After giving me a long list of Dos and Don’ts if I stayed in her house, we treated each other with mutual respect. One striking rule got me to develop a hiccup.

"I shall not entertain any female visitors be they relatives or otherwise as long as am still the landlady.” I was not allowed any questions regarding the rule.

While I paid rent for three months in advance, my would be kitchen floor was rugged and the roof let in water. One morning I approached her requesting the renovation since it was not only expensive to eat out in "Ndagaswi” but dangerous as well. 

In my long life and "career” of dating which many of my Christian friends call "evil womanizing” I can authoritatively advise young lads against landladies or very close neighbours. 

"Oh Shooter, don’t mind I will fix it as soon as possible but in the meantime, we can share my kitchen,” she said with a seductive smile which I ignored. I was not ready to share a kitchen. 

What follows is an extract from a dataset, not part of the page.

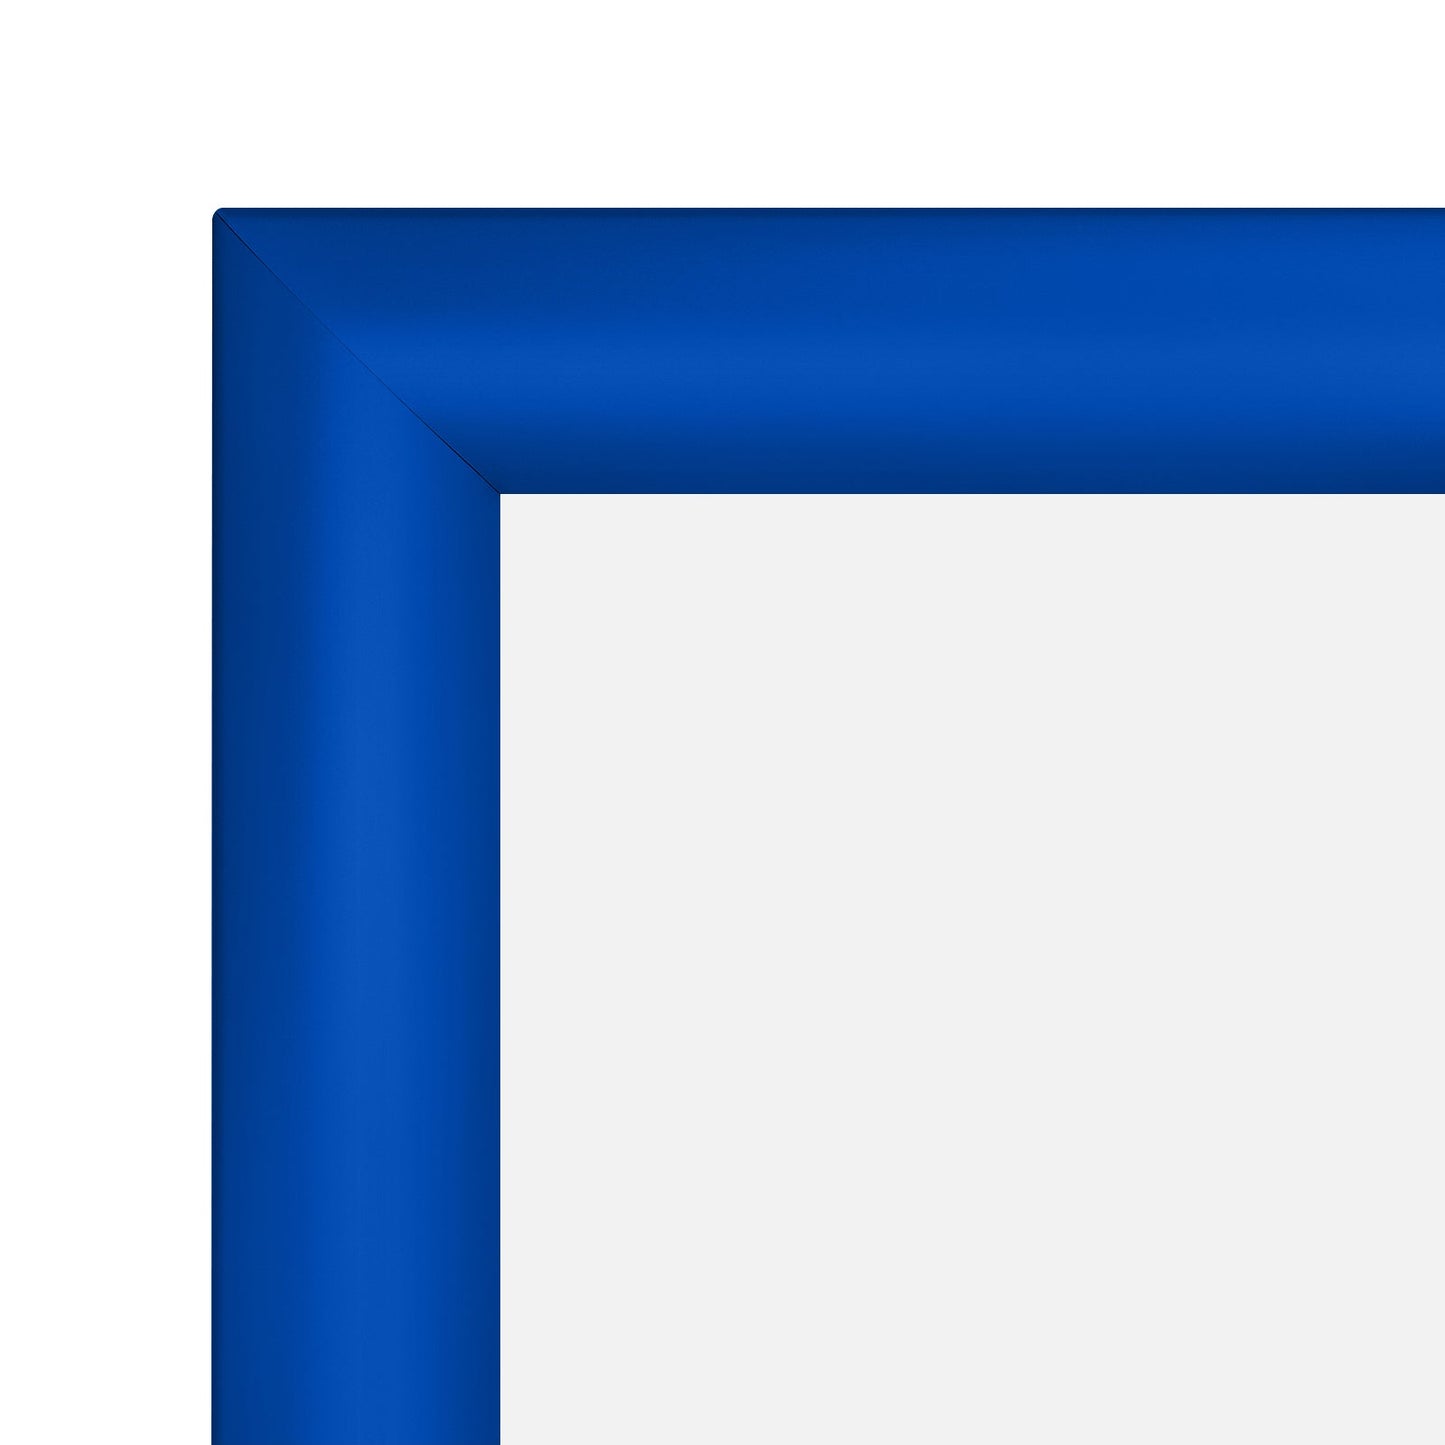 10x20 Blue SnapeZo® Snap Frame - 1.2" Profile

In the gone days, we did not have mobile phones so there was nothing like text messages so one evening returning from work and bar, I found she had slid under my door a beautiful and well designed writing pad. On it were the words, "ha ha ha, Shooter, don’t be shy and angry towards me, am one person who wishes the best for you.” She had also drawn so many hearts at the note.

I am not a stonehearted person, as a matter of fact am just like any other normal man. These small things she was doing obviously roused something in my heart. 

Guess what? We started sharing the kitchen by cooking in turns and before I could realize we were sharing everything but the bed. The shooter had been provoked out of his shell so it was time to unleash what he knew best 
When the mother cow is chewing grass, the young one watches the mouth so Chinua Achebe said. Therefore, when she proposed that we share the kitchen, I also later proposed we share the bathroom.

"Ayayaya” she had exclaimed in the typical luganda style. I actually thought she would object to my proposal but after a few days of insisting there we were in the same waters. 

After a few months with the Naluwu landlady, the shooter was reaping where he had sowed. What do I mean? I didn’t move in it’s against the Rwandan culture but she moved into my apartment (you can determine who moved in depending on how you kook at it).       

"You have been a good tenant Shooter, don’t mind about paying the next three months’ rent,” she surprised me one Sunday morning as she brought me breakfast in bed. 
I am a proud Rwandan.

I immediately packed my bags and left the house whose owner I "loved” because I was not ready to live in a house whose rent I wasn’t paying because of love nor was I ready to be used (taking my heart for granted).

I didn’t say bye to her and I have not seen or heard from her since.